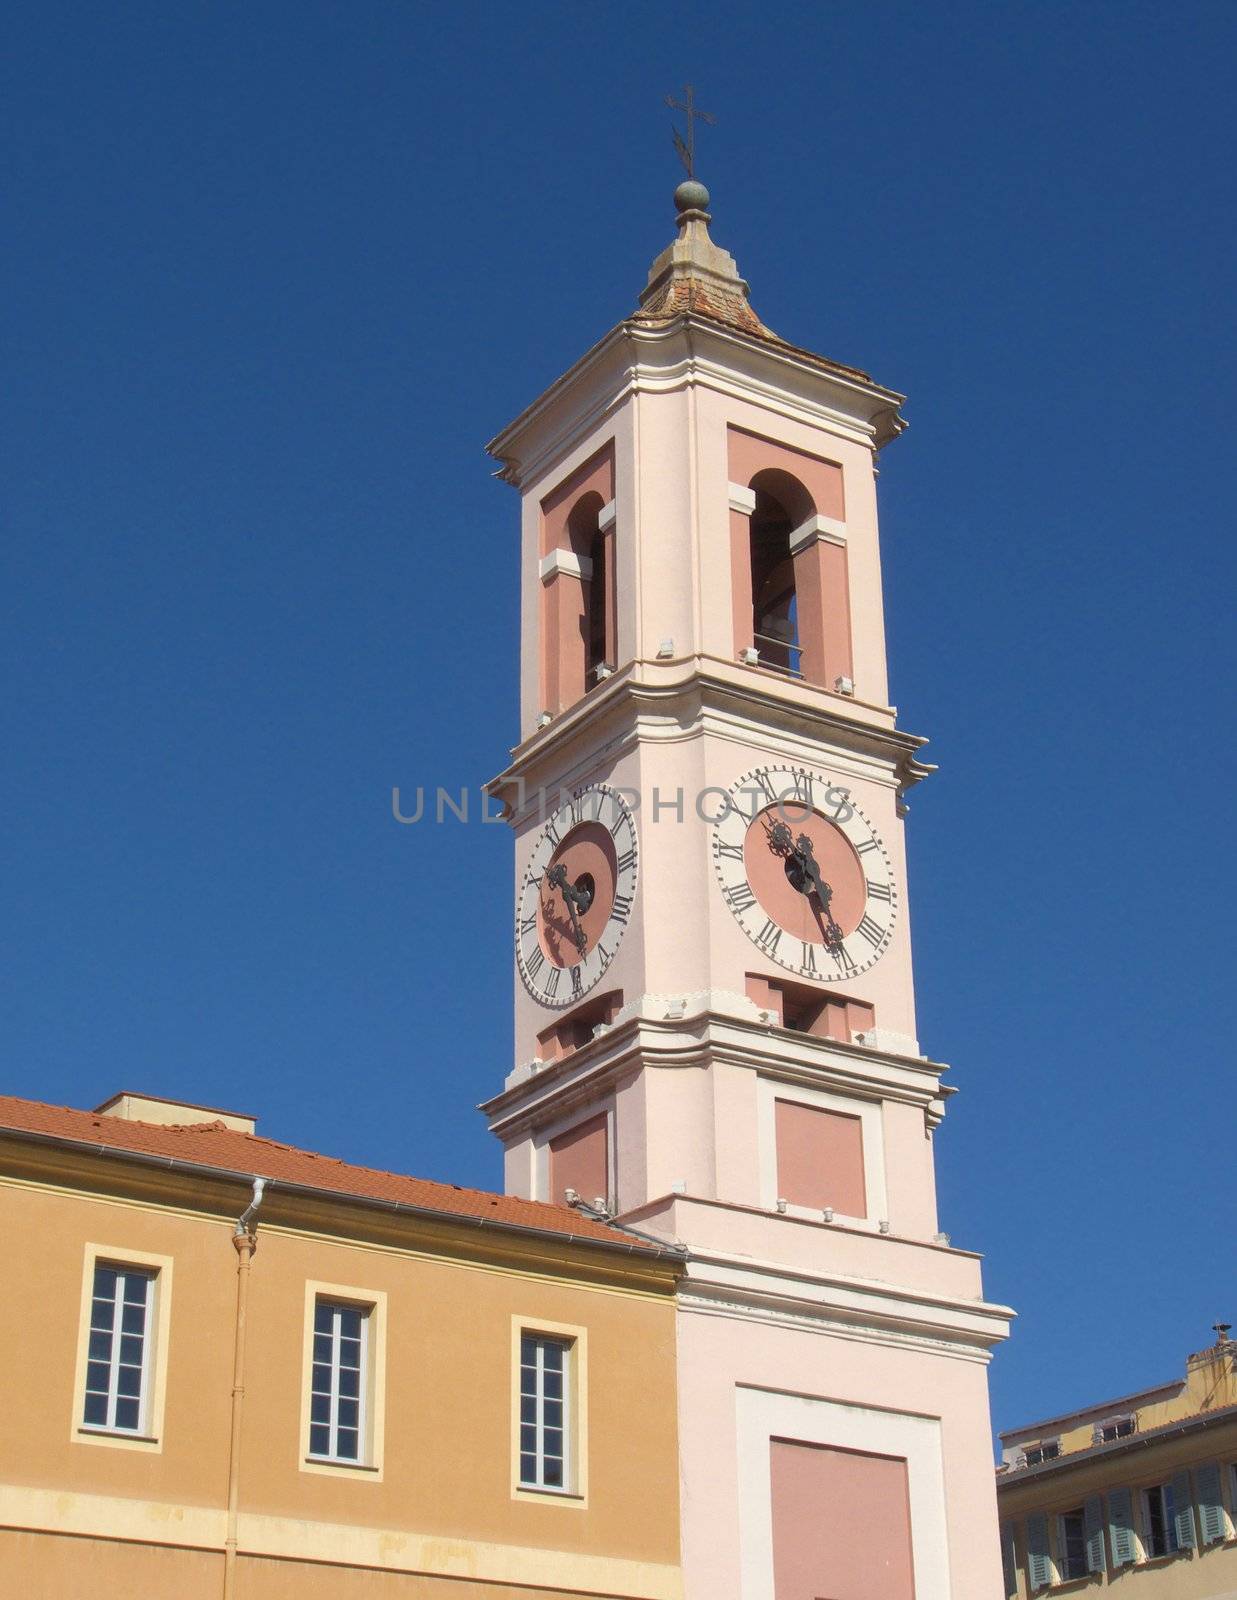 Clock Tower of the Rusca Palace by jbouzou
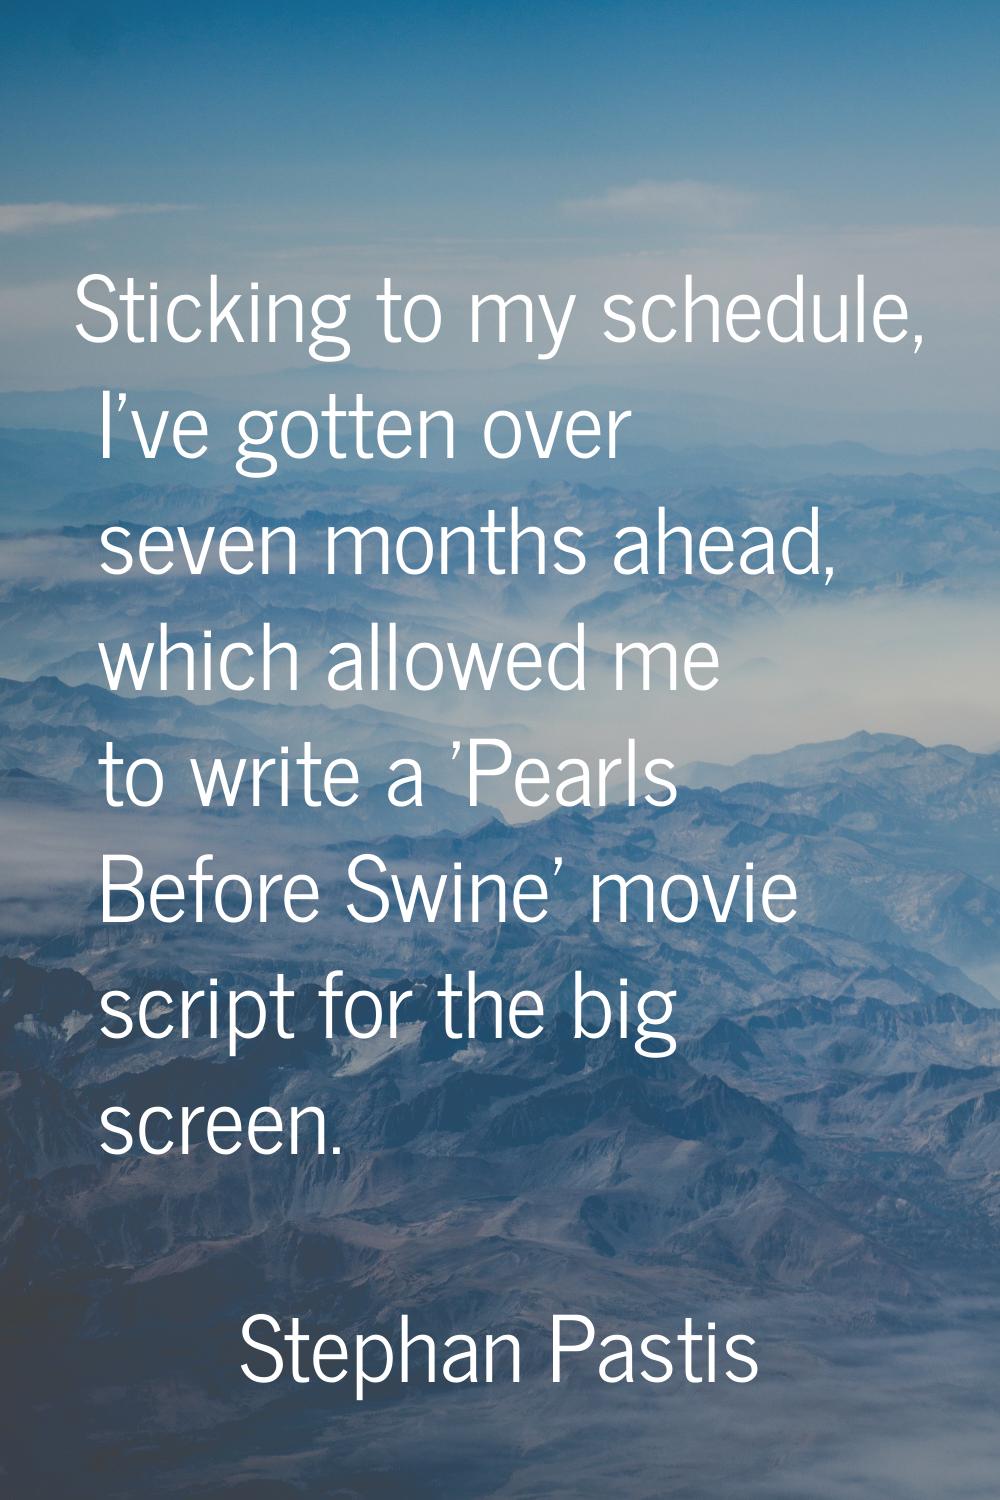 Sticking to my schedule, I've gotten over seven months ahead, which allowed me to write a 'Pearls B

* * *

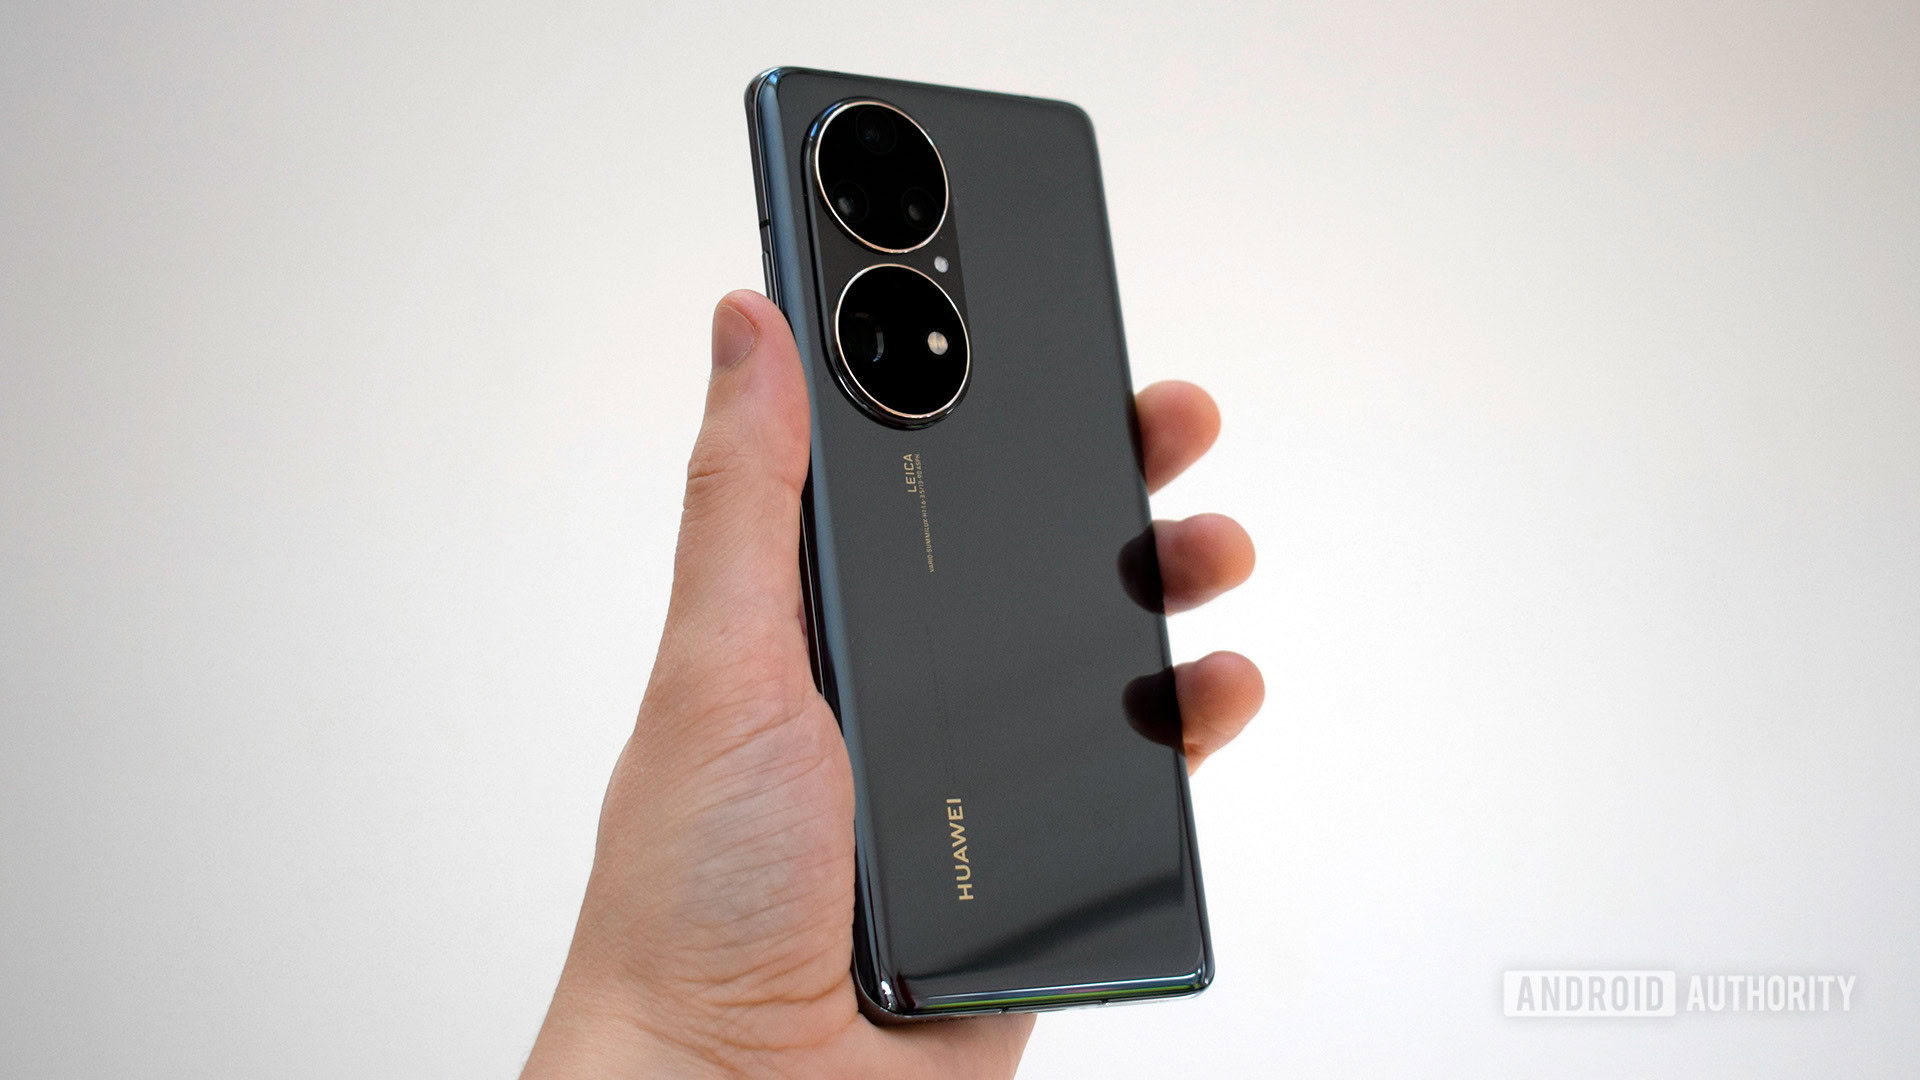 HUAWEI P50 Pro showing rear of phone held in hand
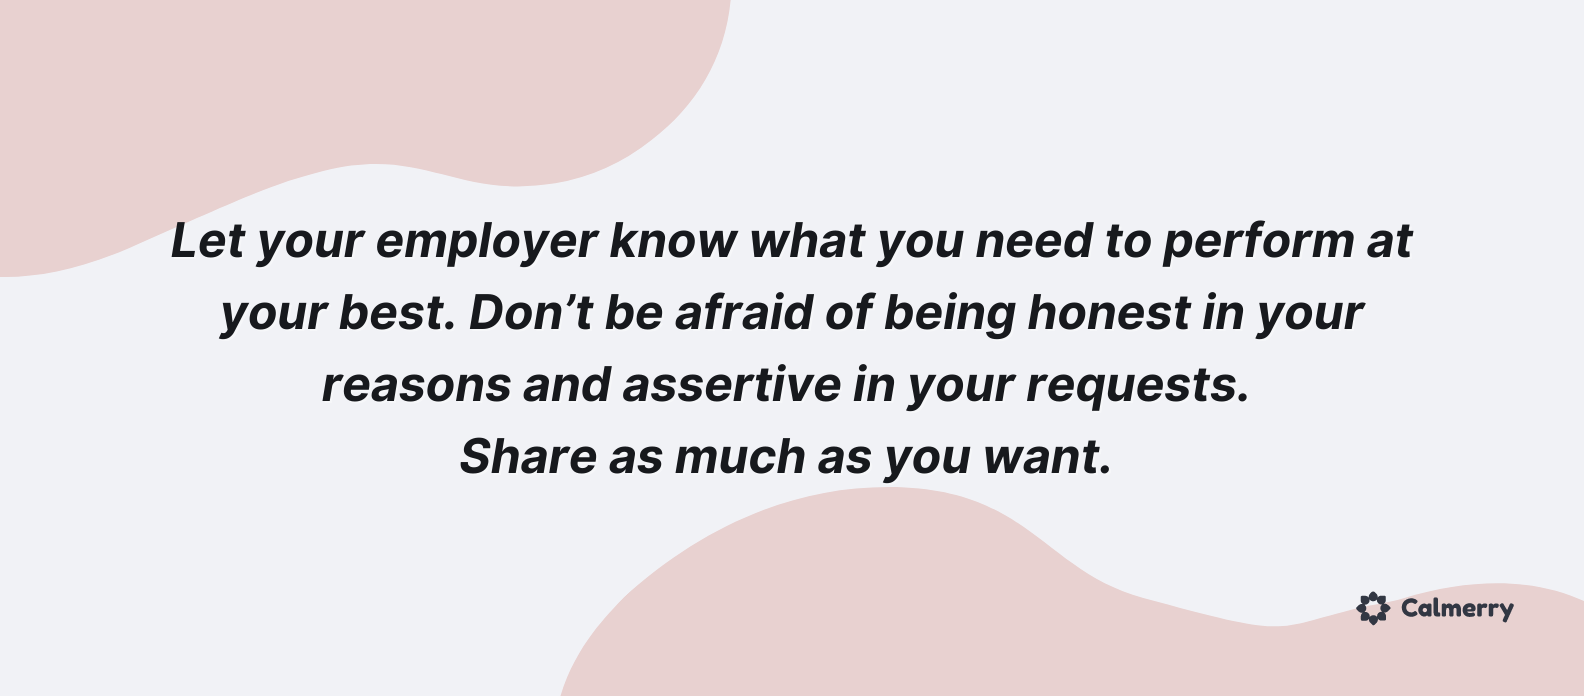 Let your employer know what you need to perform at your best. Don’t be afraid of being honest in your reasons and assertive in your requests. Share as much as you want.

* * *

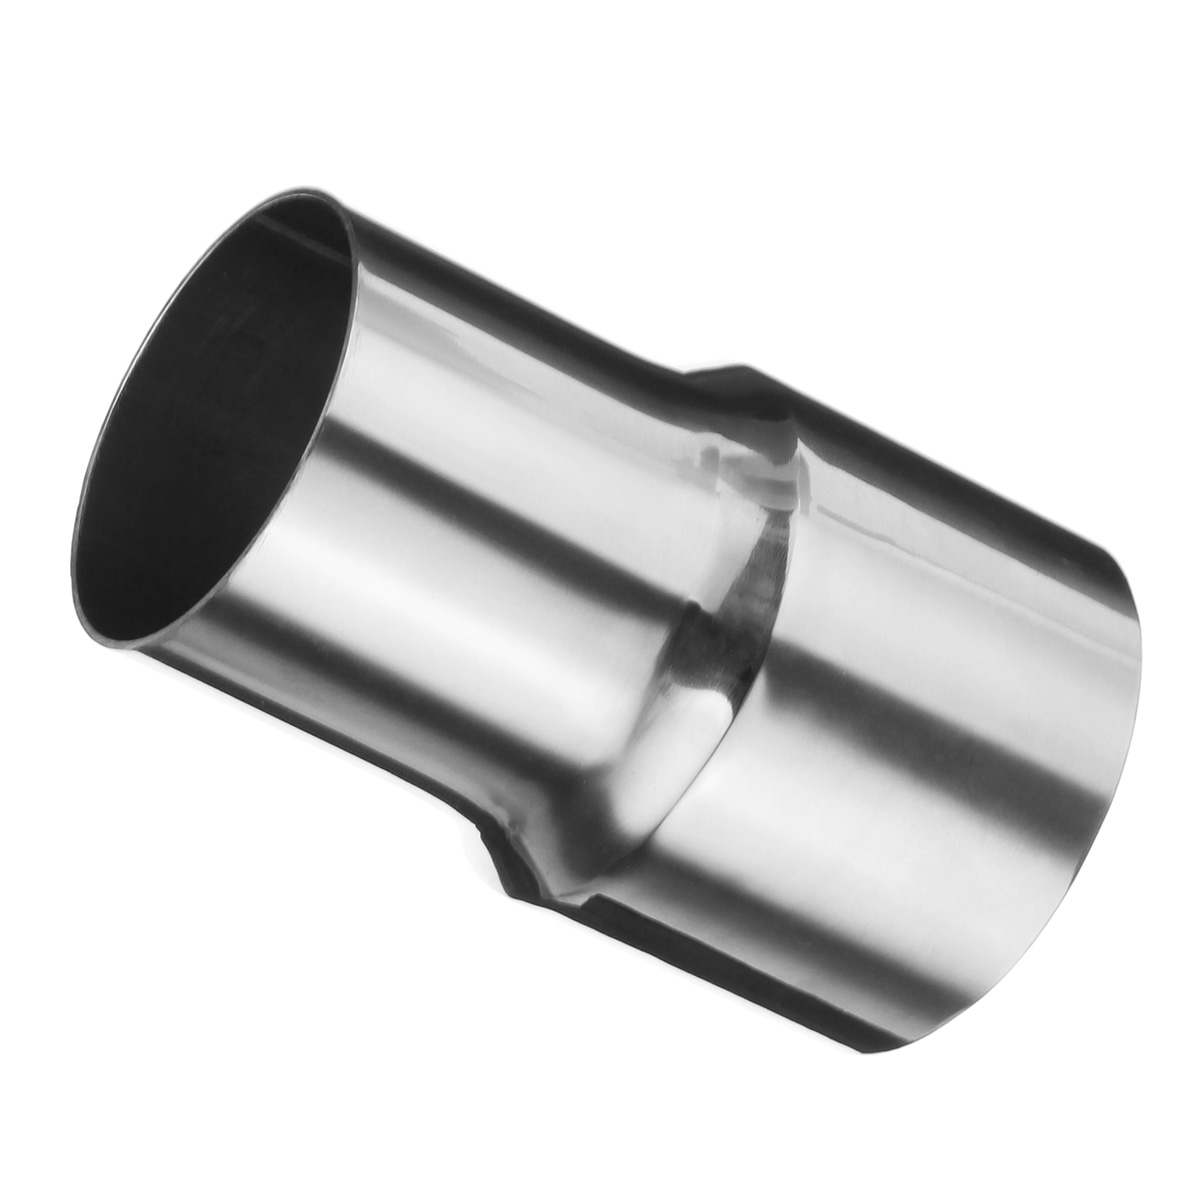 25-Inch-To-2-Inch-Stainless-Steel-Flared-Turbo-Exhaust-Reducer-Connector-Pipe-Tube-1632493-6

* * *

Task instructions: Though the entries above contain pictures, none should be copied; reproduce only the lines between the one holding "Clock Tower of the Rusca Palace by jbouzou" and the one holding "Sticking to my", inclusive, exactly as written.

Exercise output:
 Clock Tower of the Rusca Palace by jbouzou
 Sticking to my schedule, I've gotten over seven months ahead, which allowed me to write a 'Pearls B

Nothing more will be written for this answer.